INSTRUCTIONS TO FOLLOW: Restate every line of the material below word for word, skipping the images.

DATASET CONTENT:
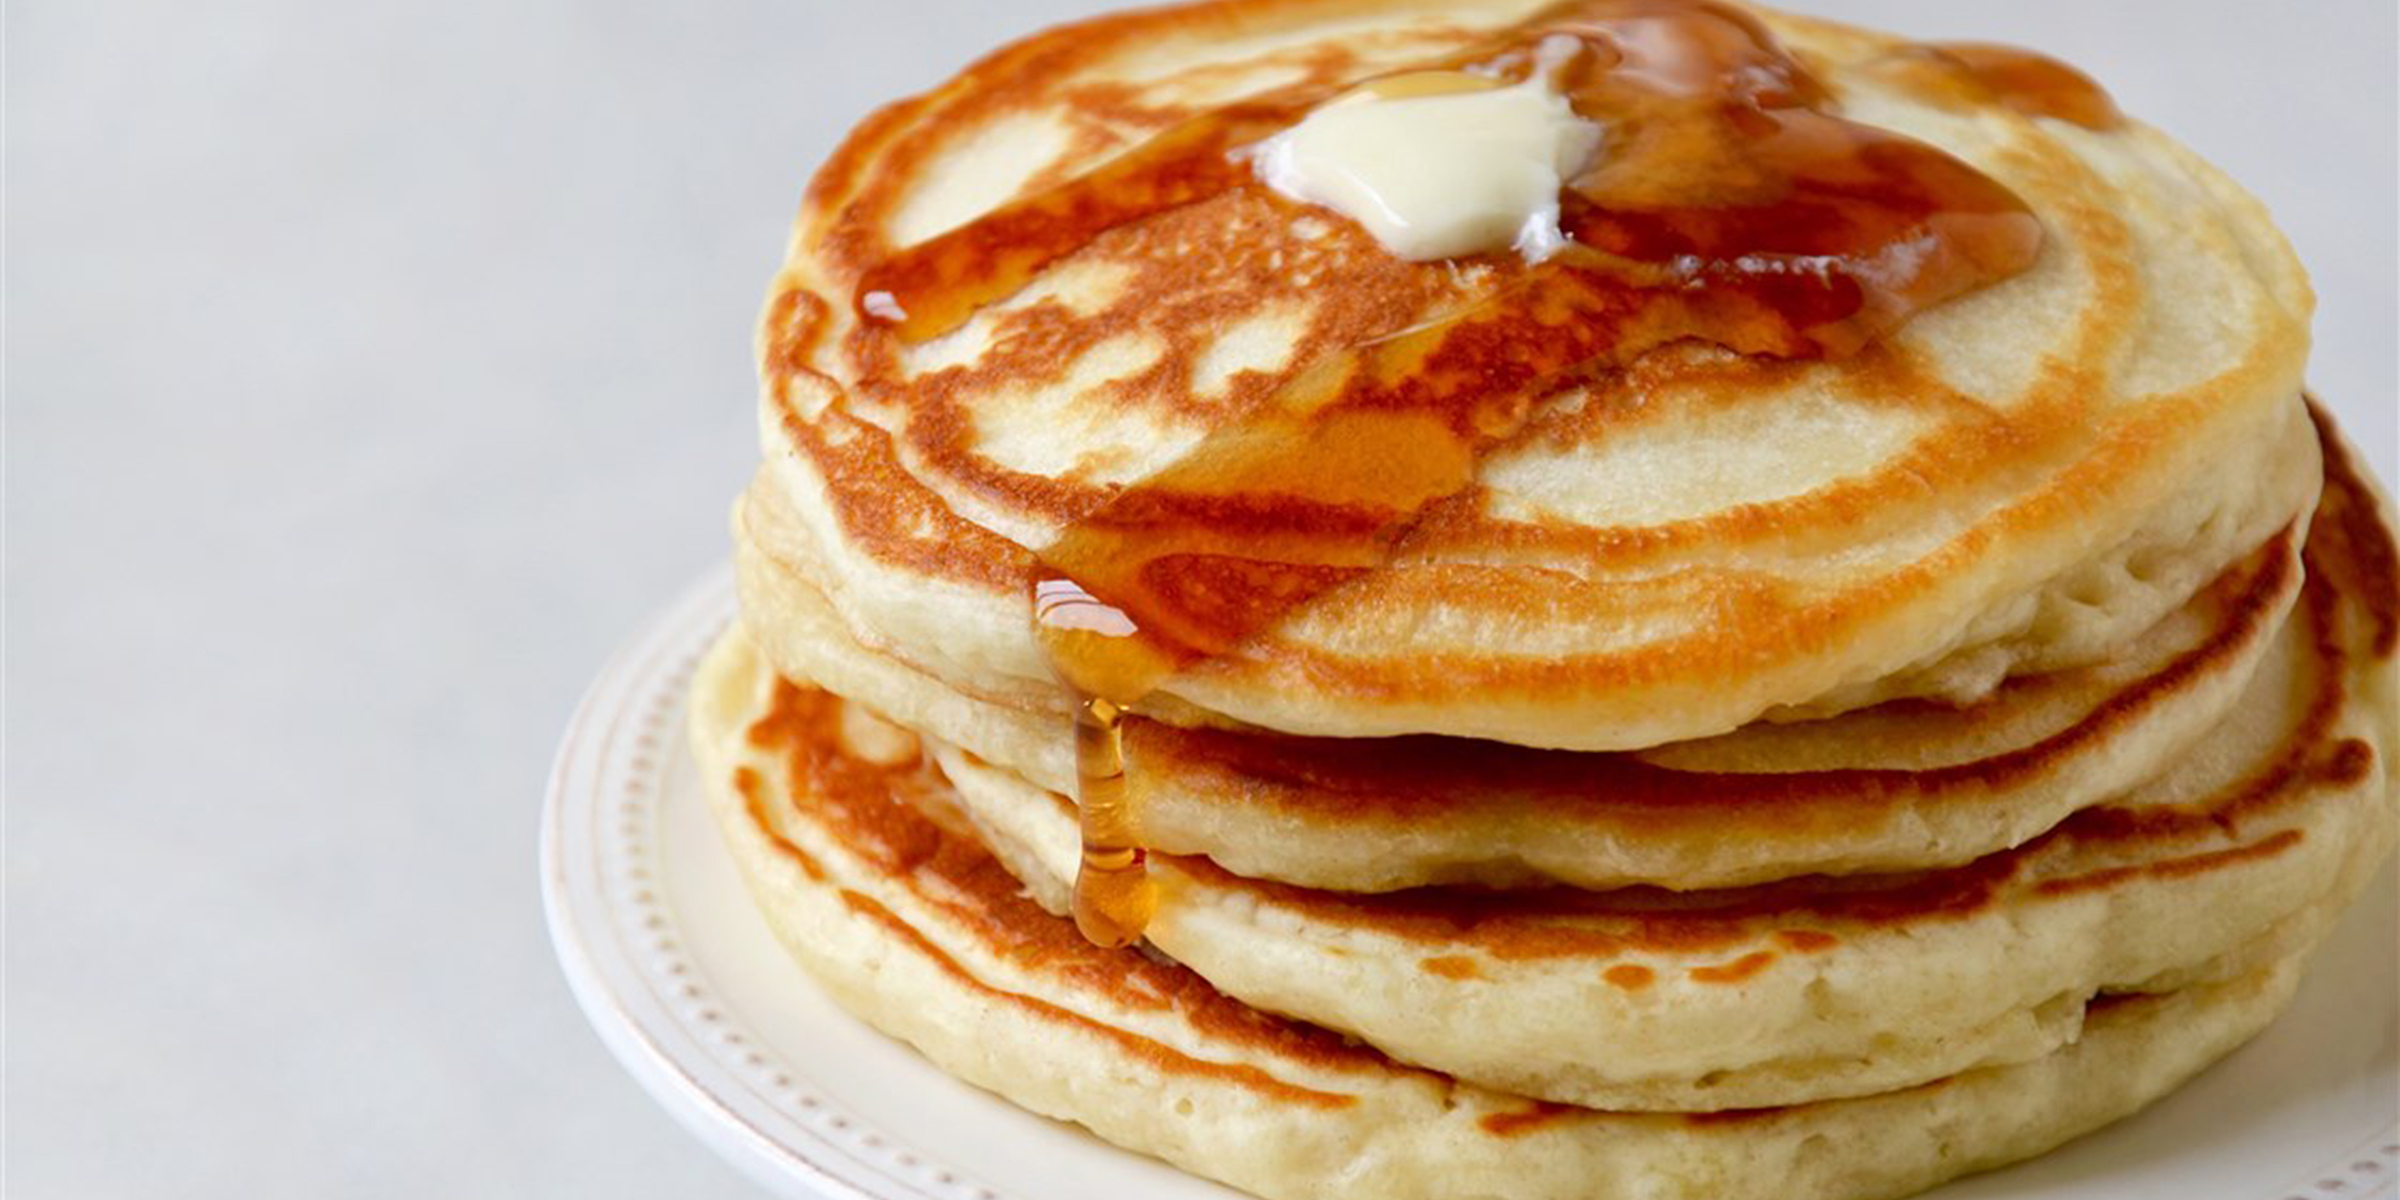 How to Make Pancakes
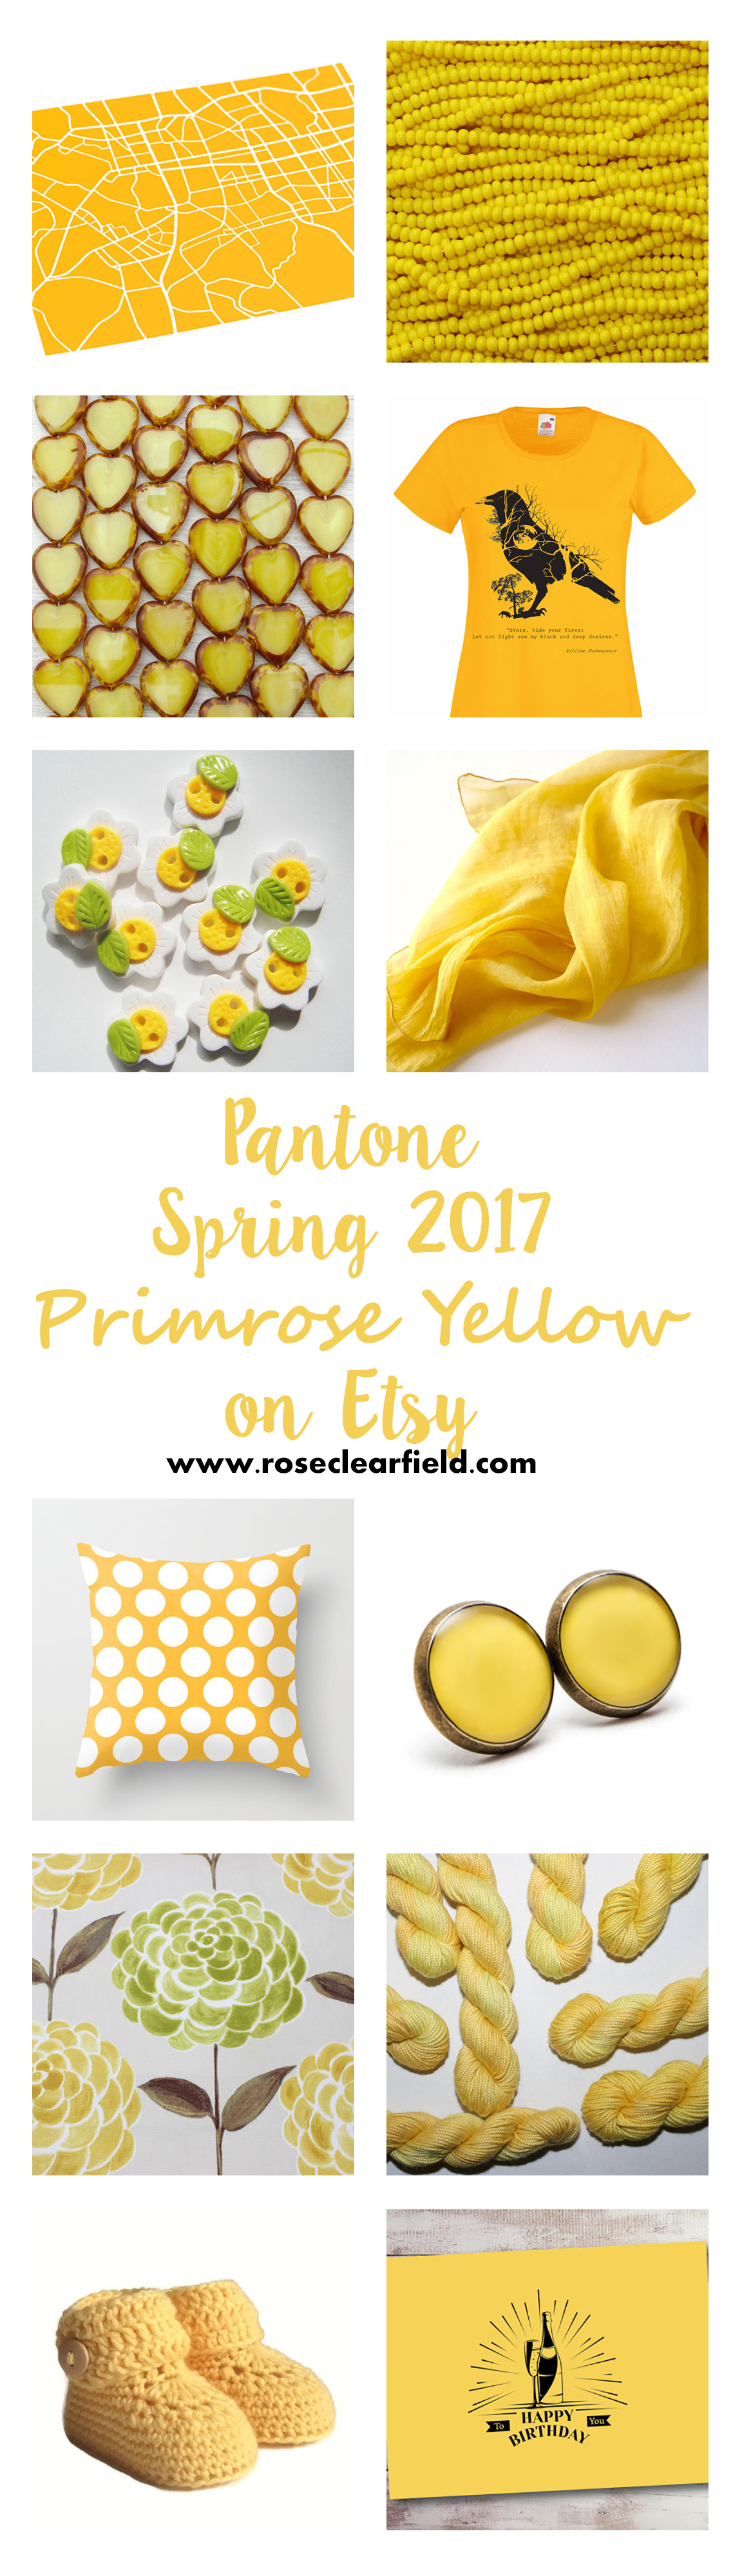 Pantone Spring 2017 Primrose Yellow Etsy Picks | https://www.roseclearfield.com
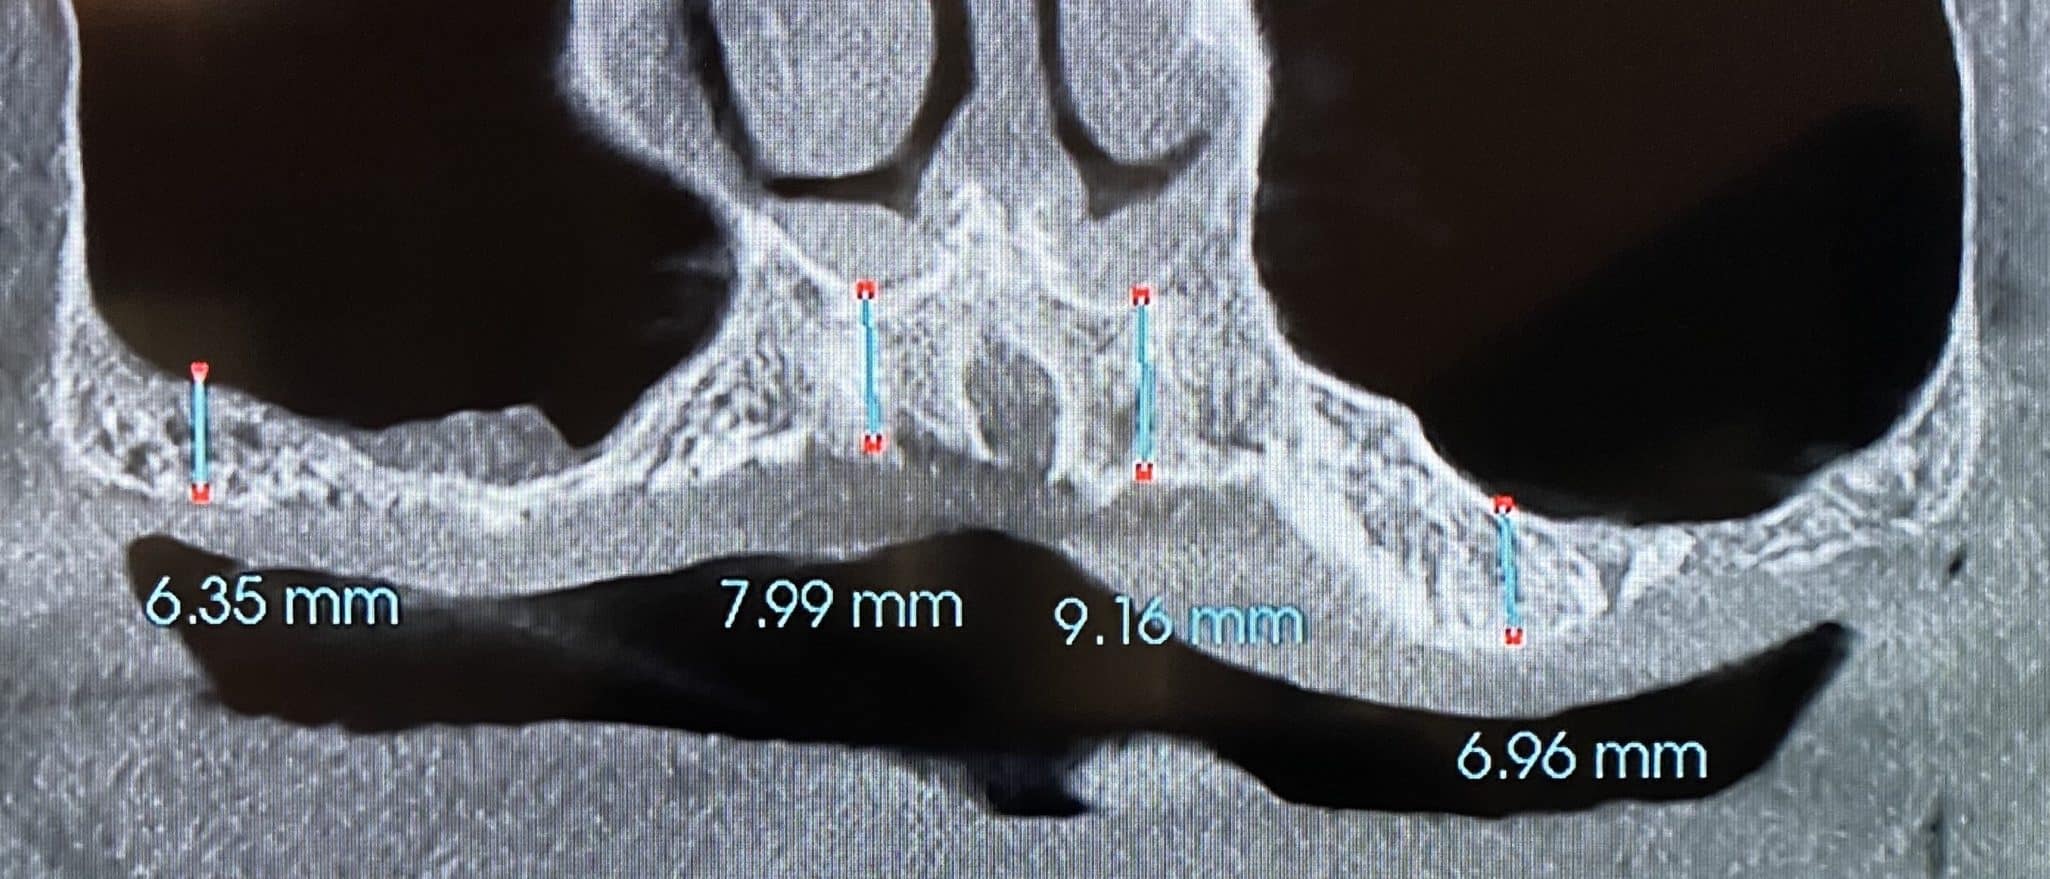 Ridge Splitting Procedure on a Severely Deficient Maxillary Alveolar Ridge with Multiple Implant Placements
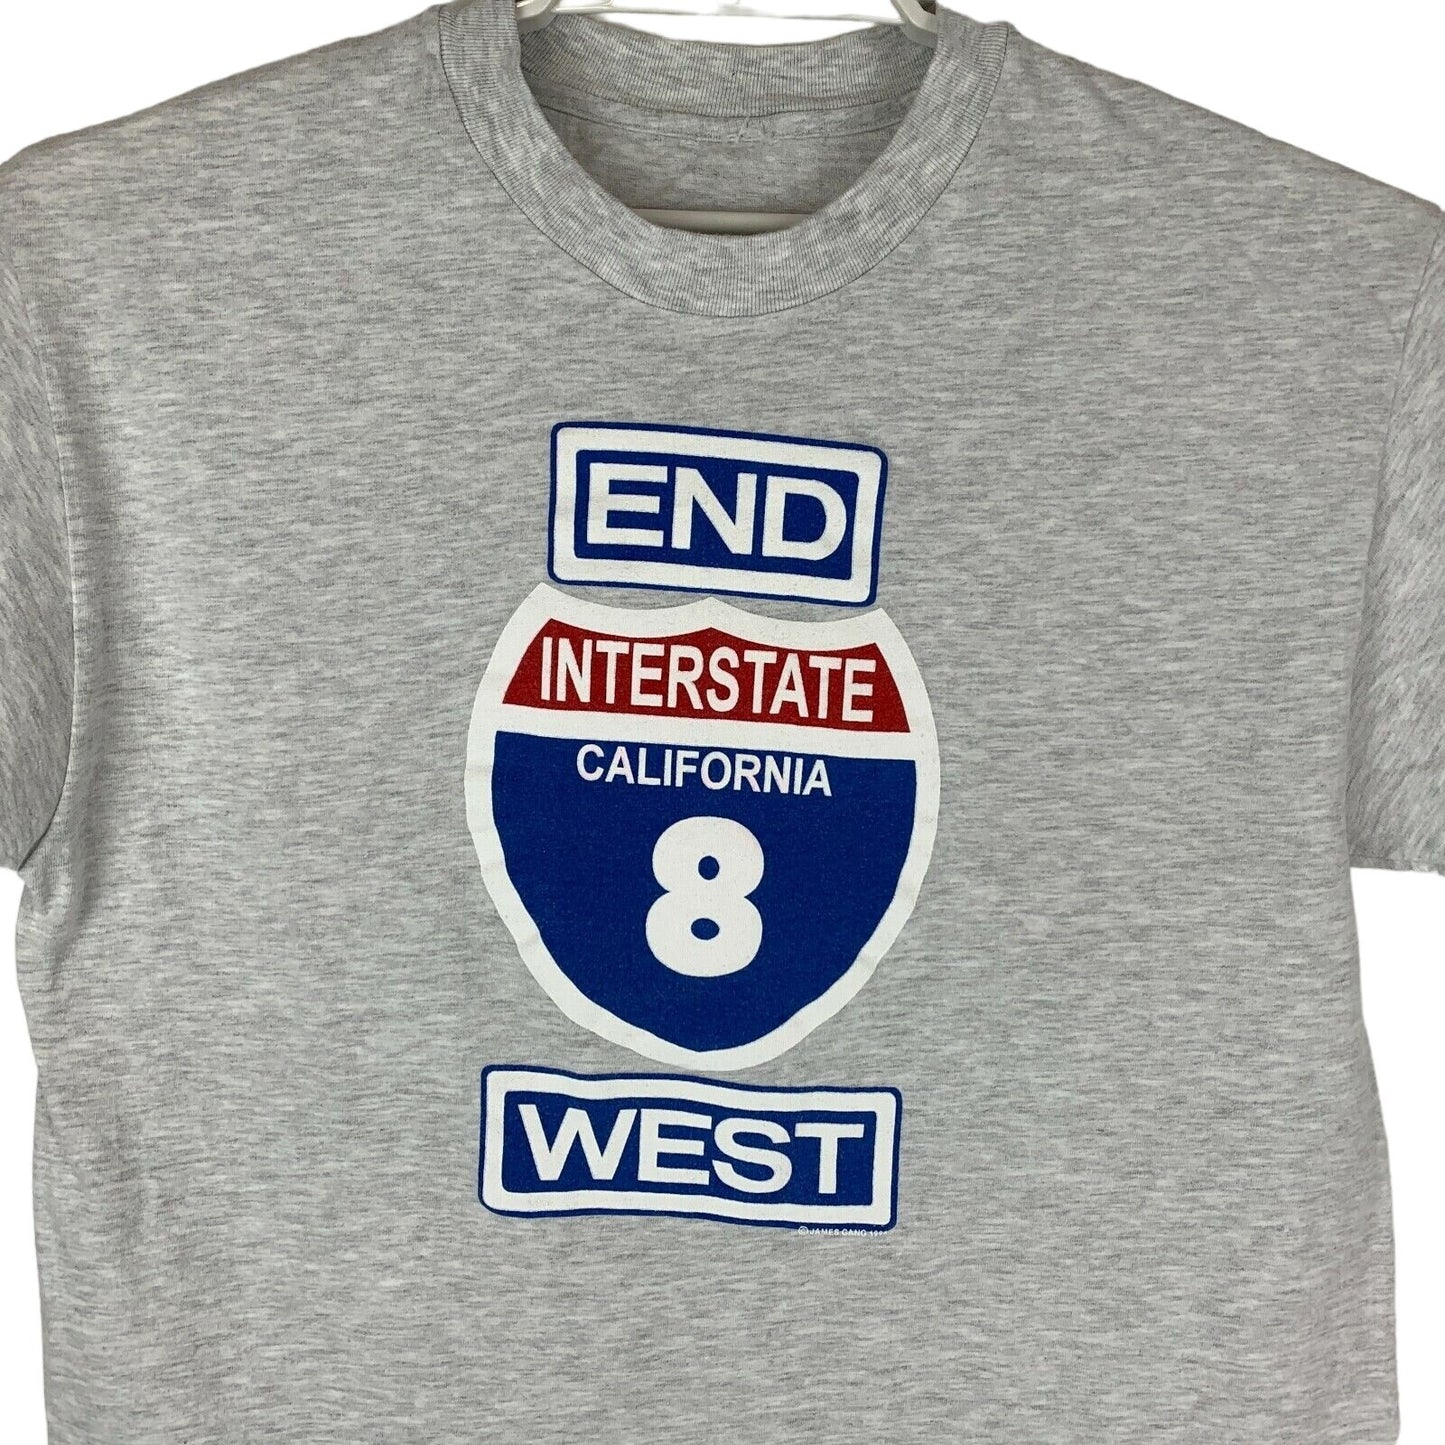 Interstate 8 California San Diego Vintage 90s T Shirt Freeway Highway Tee Large

WRITTEN SOLUTION:
 How to Make Pancakes
 Pantone Spring 2017 Primrose Yellow Etsy Picks | https://www.roseclearfield.com
 Ridge Splitting Procedure on a Severely Deficient Maxillary Alveolar Ridge with Multiple Implant Placements
 Interstate 8 California San Diego Vintage 90s T Shirt Freeway Highway Tee Large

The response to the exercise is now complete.